(AIM OF THE EXERCISE)
When you copy the material below, keep every line exact and drop the pictures.

(SOURCE DATA)
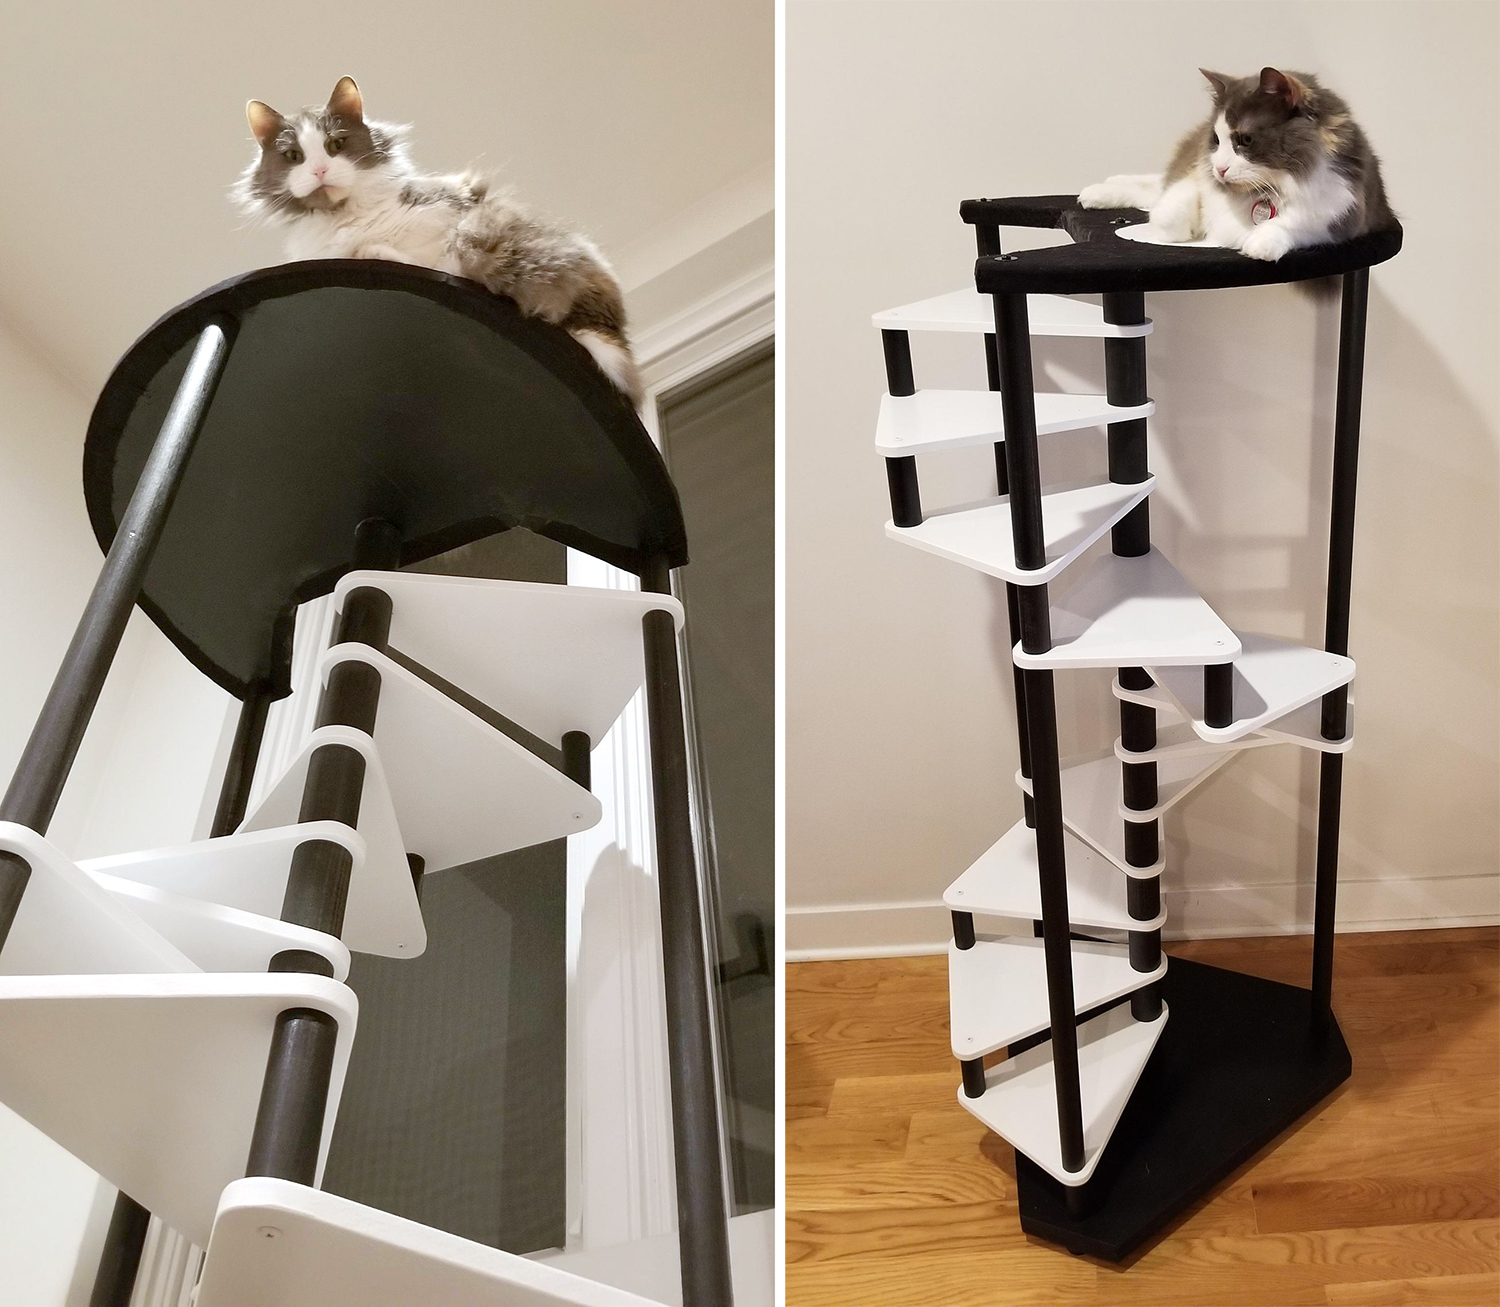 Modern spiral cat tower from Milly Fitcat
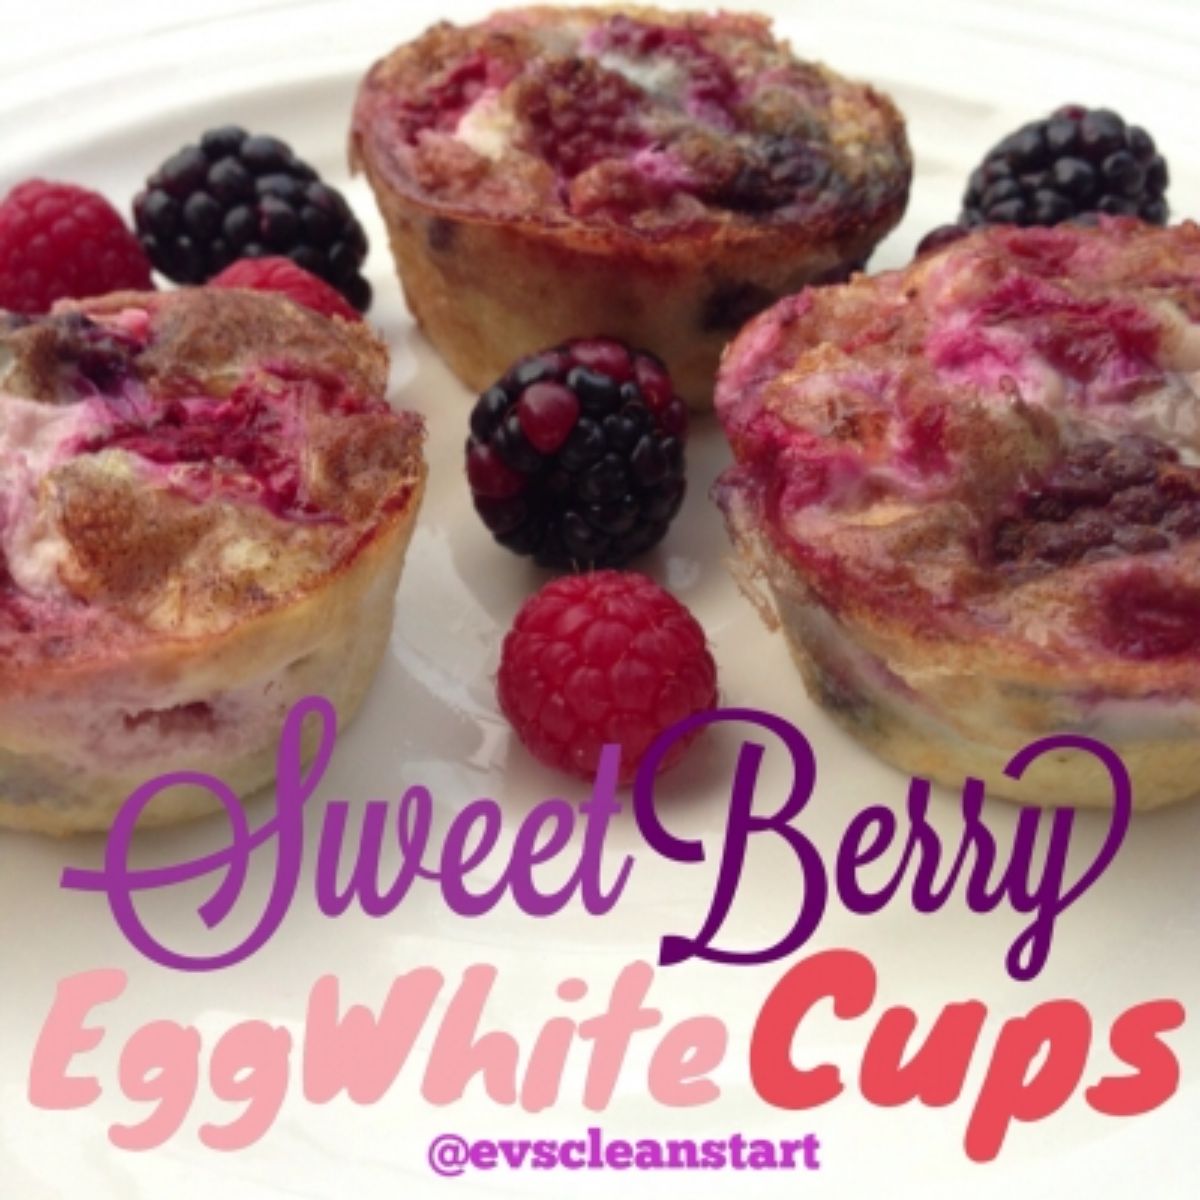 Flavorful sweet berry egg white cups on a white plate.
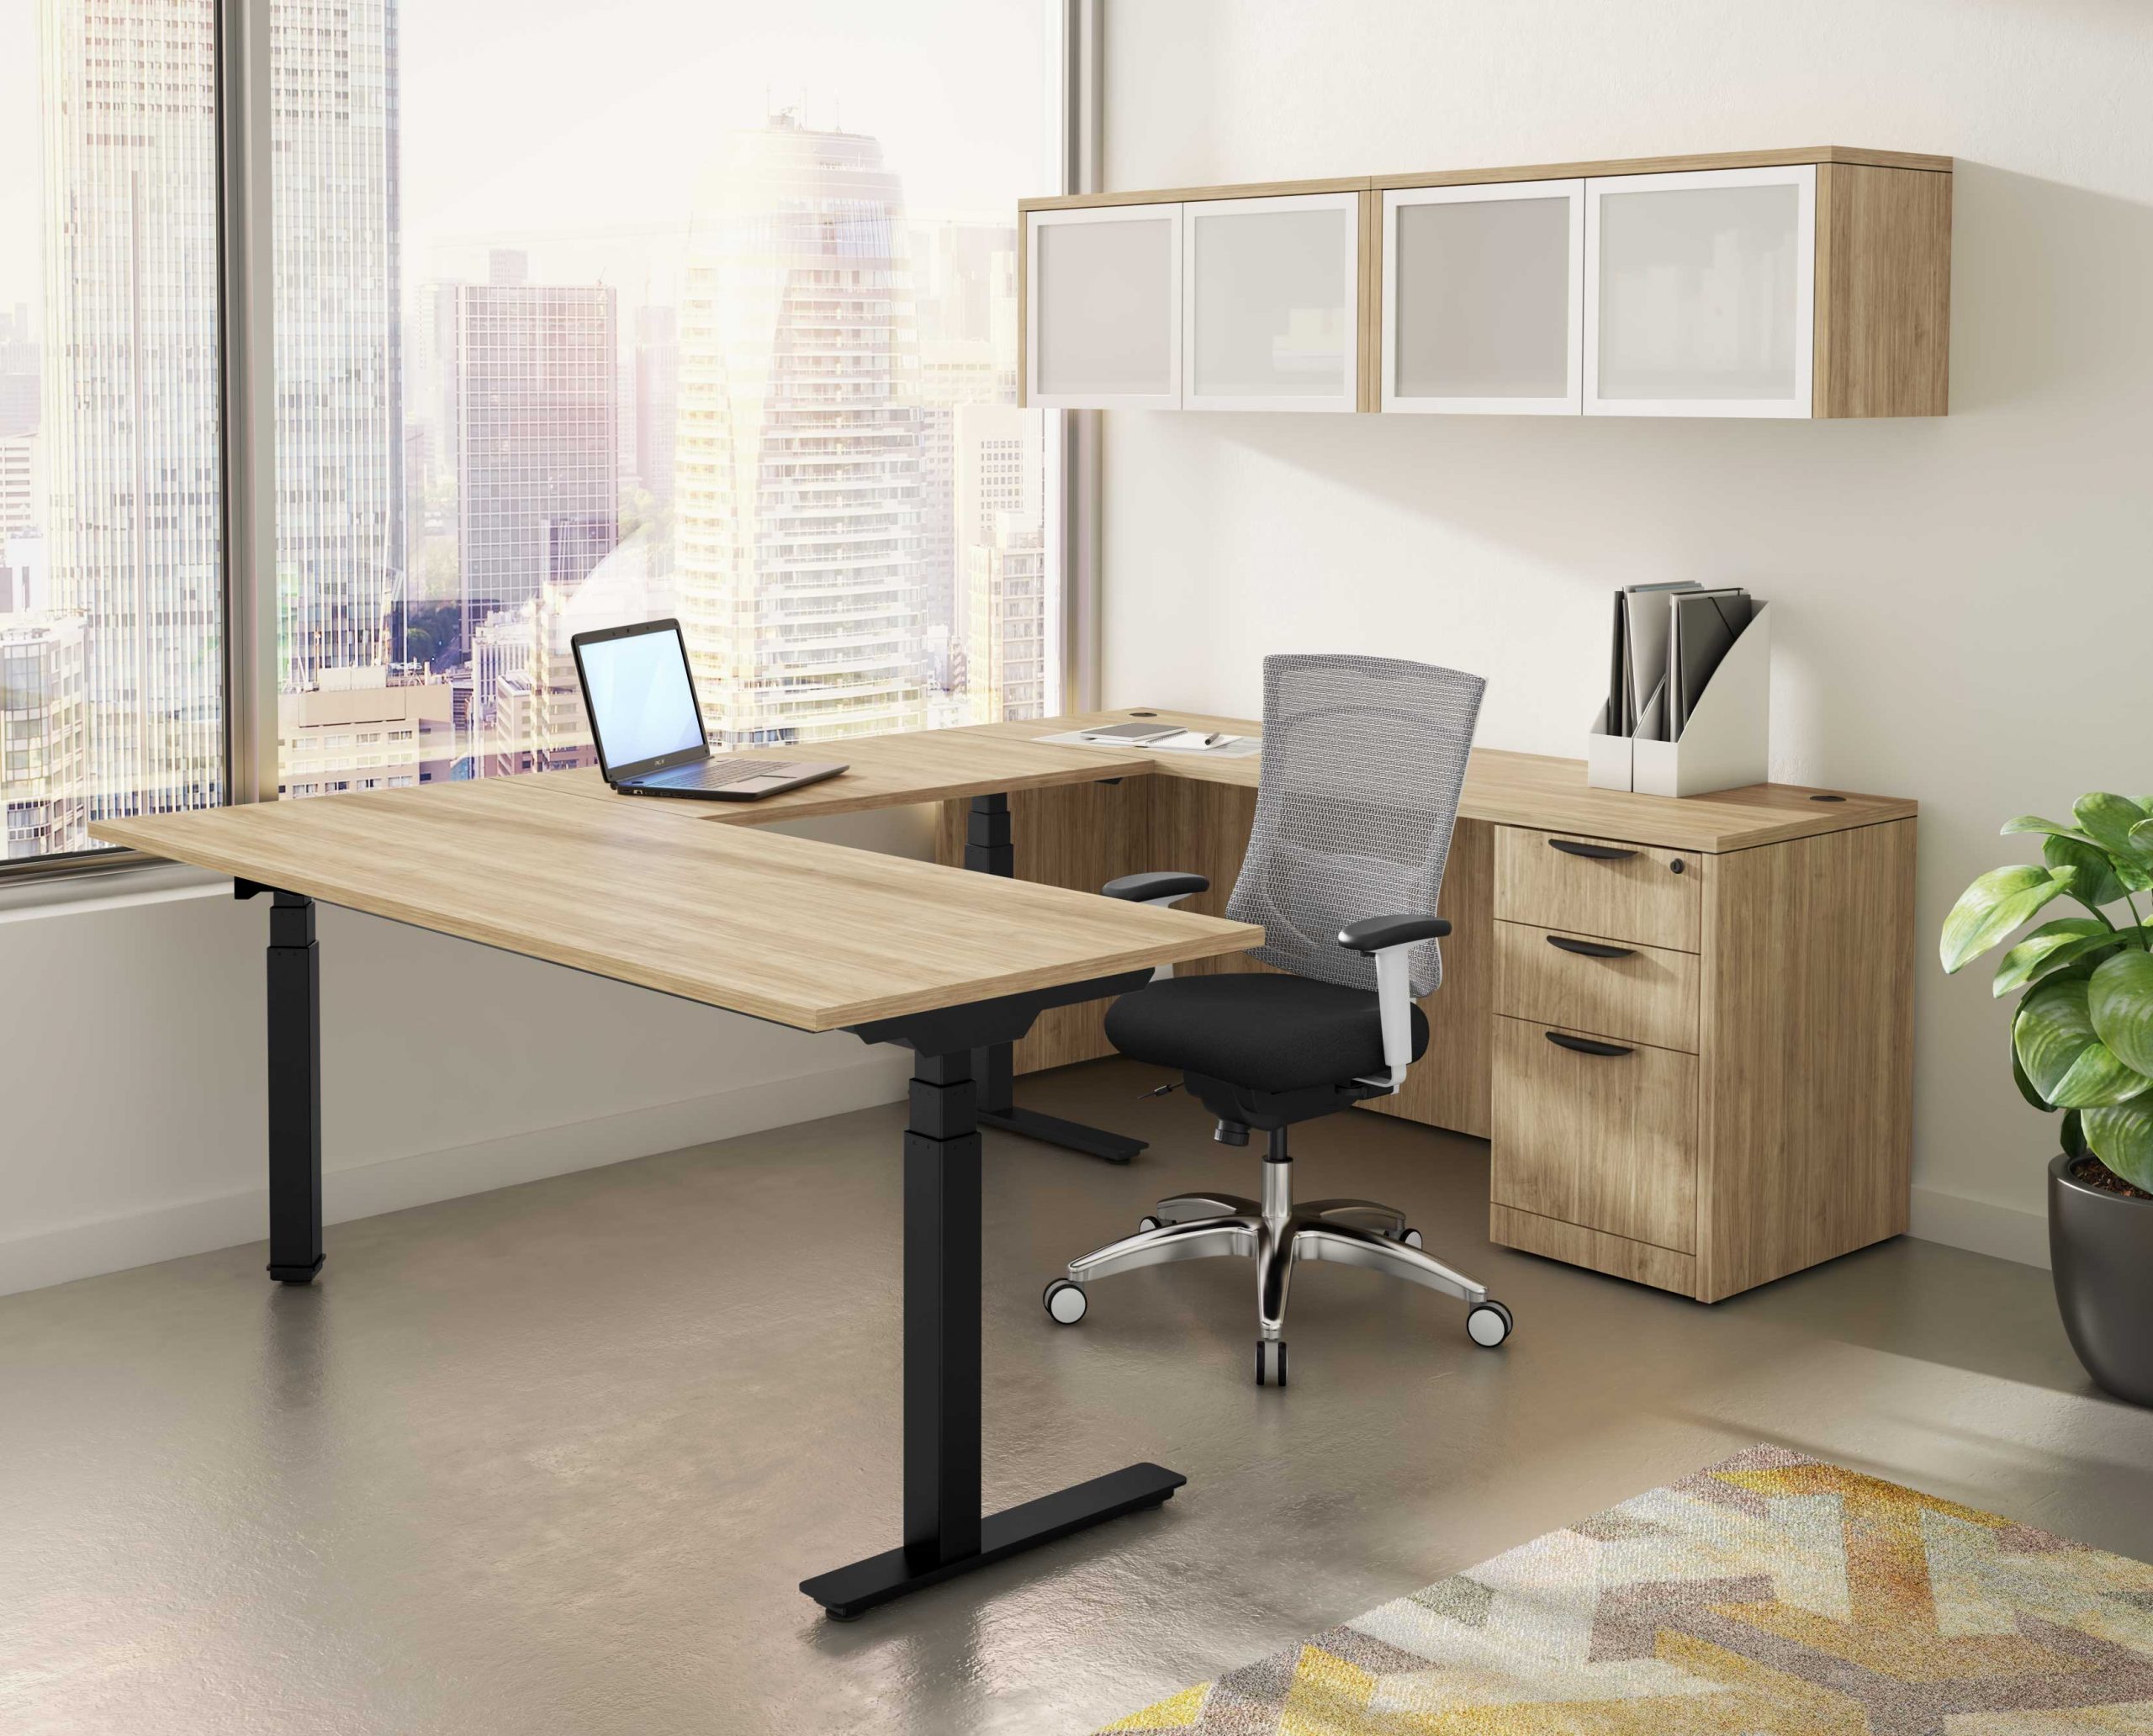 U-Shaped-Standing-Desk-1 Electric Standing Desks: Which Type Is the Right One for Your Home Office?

(YOUR RESPONSE)
 Modern spiral cat tower from Milly Fitcat
 Flavorful sweet berry egg white cups on a white plate.
 U-Shaped-Standing-Desk-1 Electric Standing Desks: Which Type Is the Right One for Your Home Office?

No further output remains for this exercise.